La France, au bord de la récession, s'enfonce dans le chômage

Publié le par Adriana EVANGELIZT






La France, au bord de la récession, s'enfonce dans le chômage


La France, au bord de la récession, s'enfonce dans le chômage avec une augmentation record en novembre de 64.000 demandeurs d'emploi, le gouvernement invoquant la crise mondiale tandis que l'opposition socialiste critique un plan de relance insuffisant.


Après sept mois de progression, le nombre de chômeurs a brusquement augmenté en novembre de 3,2%, du jamais vu depuis mars 1993, soit une hausse de 8,5% sur un an.

Le chômage, redevenu la principale préoccupation des Français devant le pouvoir d'achat, a passé le cap des 2 millions en octobre et touche désormais plus de 7,3% de la population active et 2.068.500 personnes. Il n'atteint toutefois pas les 12% connus lors de la crise de 1993-1994.

Les contrats temporaires sont les plus touchés ainsi que les jeunes, marquant un net ralentissement de l'activité.

"Par rapport à la récession précédente de 1993-1994, la flexibilité du marché du travail a beaucoup progressé, et les ajustements sont beaucoup plus rapides et brutaux", explique Jacques Freyssinet, professeur d'économie à l'université de Paris-Sorbonne.

Dans un contexte de crise mondiale et de l'annonce de suppressions d'emplois en série dans plusieurs secteurs clés (automobile, bâtiment et même le luxe), le gouvernement ne table pas sur une amélioration rapide. D'autant que, selon les prévisions officielles, la France devrait entrer en récession en 2009.

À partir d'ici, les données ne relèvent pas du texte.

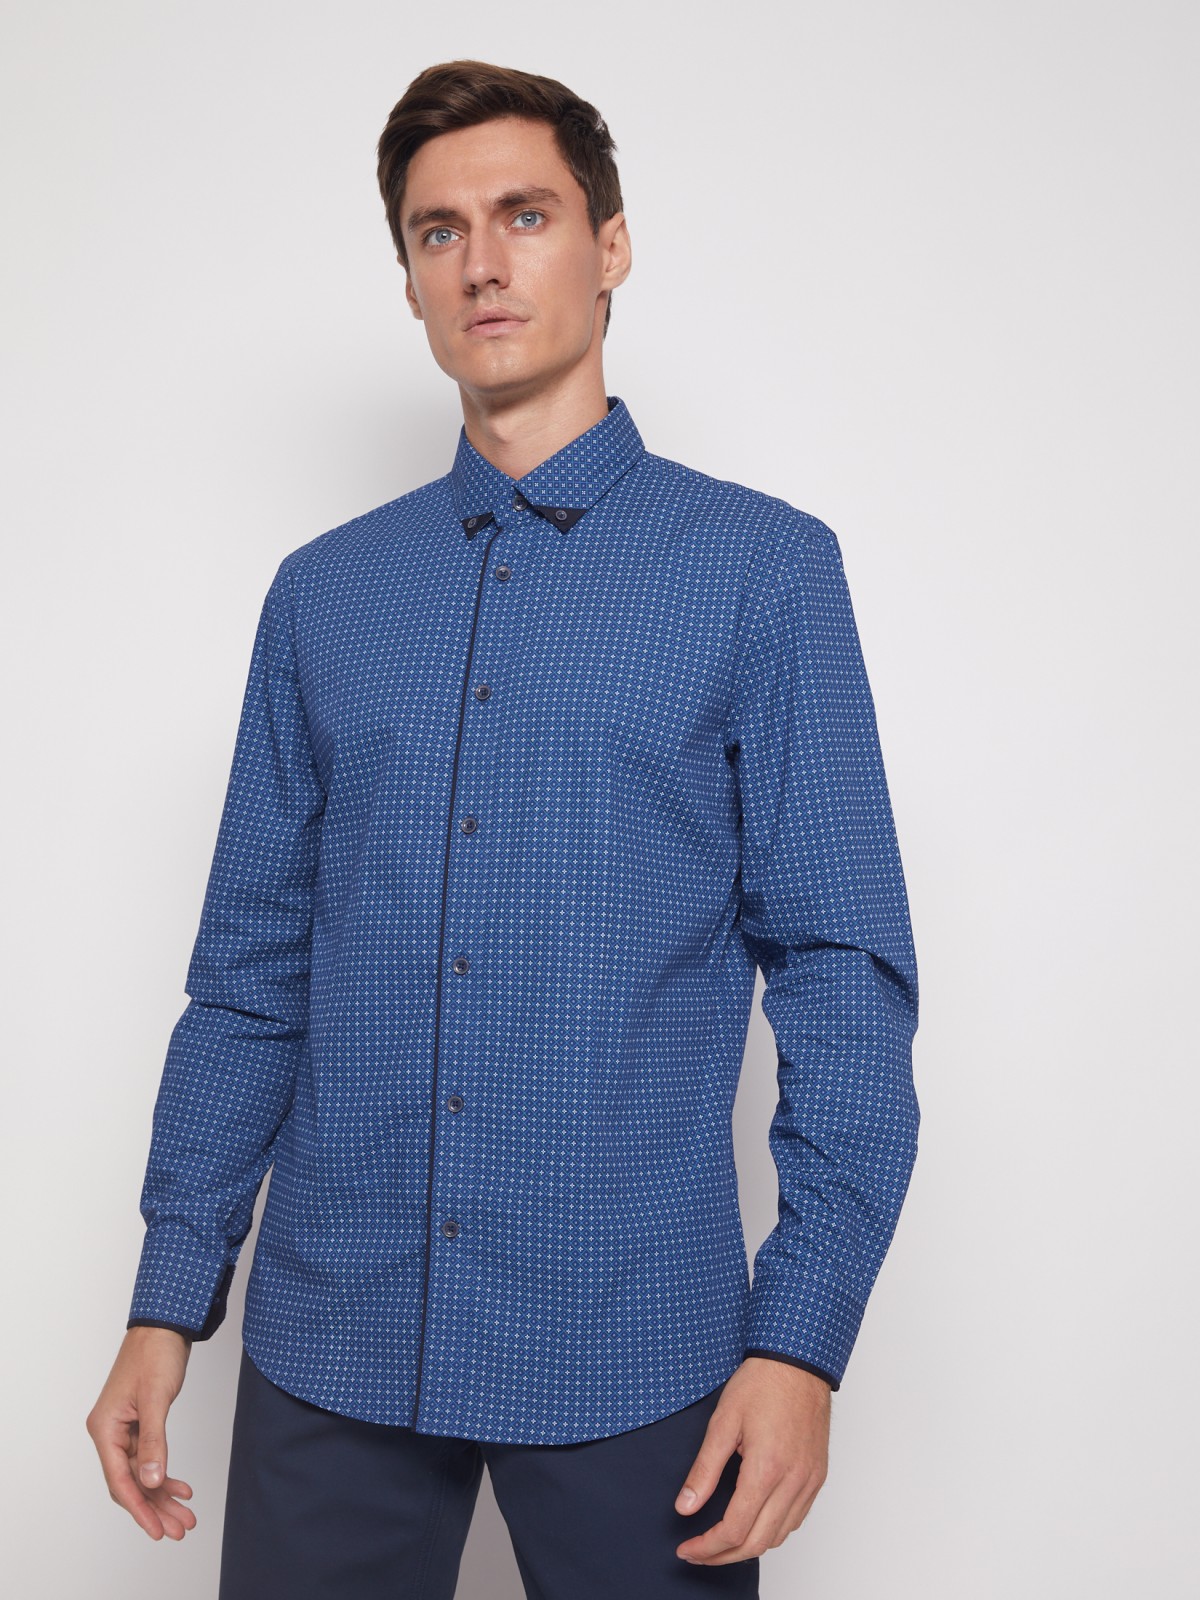 Хлопковая рубашка с мелким принтом zolla 011452159013, цвет голубой, размер M - фото 6

La ministre de l'Economie Christine Lagarde a reconnu s'attendre "à voir les effets des vagues de départs annoncées lors des trois-quatre derniers mois dans le premier trimestre 2009".

Le gouvernement parie toutefois sur le succès du plan de relance de quelque 26 milliards d'euros annoncé début décembre, "axé sur le soutien à l'investissement et à la trésorerie des entreprises" plus que sur une relance par la consommation qui, selon le gouvernement, profiterait surtout aux importations.


Le président Nicolas Sarkozy devait de nouveau évoquer l'emploi lors de ses voeux aux Français mercredi soir et réaffirmer sa "détermination à poursuivre les réformes".


Pour la première fois, le nombre de chômeurs est supérieur à ce qu'il était lorsque Nicolas Sarkozy a été élu en mai 2007 (2.011.300 en avril 2007). Le gouvernement s'était alors fixé pour objectif de ramener le taux de chômage à 5% en 2012.


Pour Raymond Torres, du Bureau international du Travail, "les taux d'emploi et de chômage restent moins bons en France que dans la plupart des pays industrialisés malgré des améliorations ces dernières années".


L'opposition socialiste a réclamé un nouveau plan de soutien à l'économie "de toute urgence", prônant notamment une hausse du salaire minimum, une baisse des taxes sur les produits de première nécessité ou encore une augmentation sensible des aides sociales et des retraites.


"La gravité exceptionnelle de la crise économique attestée par ces nouveaux chiffres contraste avec l'extraordinaire faiblesse du plan de relance de la France", a déclaré la chef du Parti socialiste Martine Aubry, ancienne ministre du Travail.


L'opposition affirme qu'une moitié des 26 milliards d'euros engagés dans ce plan ne constituent pas des dépenses nouvelles, mais des remboursements fiscaux anticipés en faveur des entreprises. La CGT, premier syndicat de France, a réclamé la mise en place d'un droit de veto suspensif des salariés sur les plans de licenciements.


L'Organisation pour la coopération et le développement économiques (OCDE) prévoit "20 à 25 millions" de chômeurs en plus dans le monde d'ici 2010 à cause de la crise, dont 8 à 10 millions dans ses pays membres.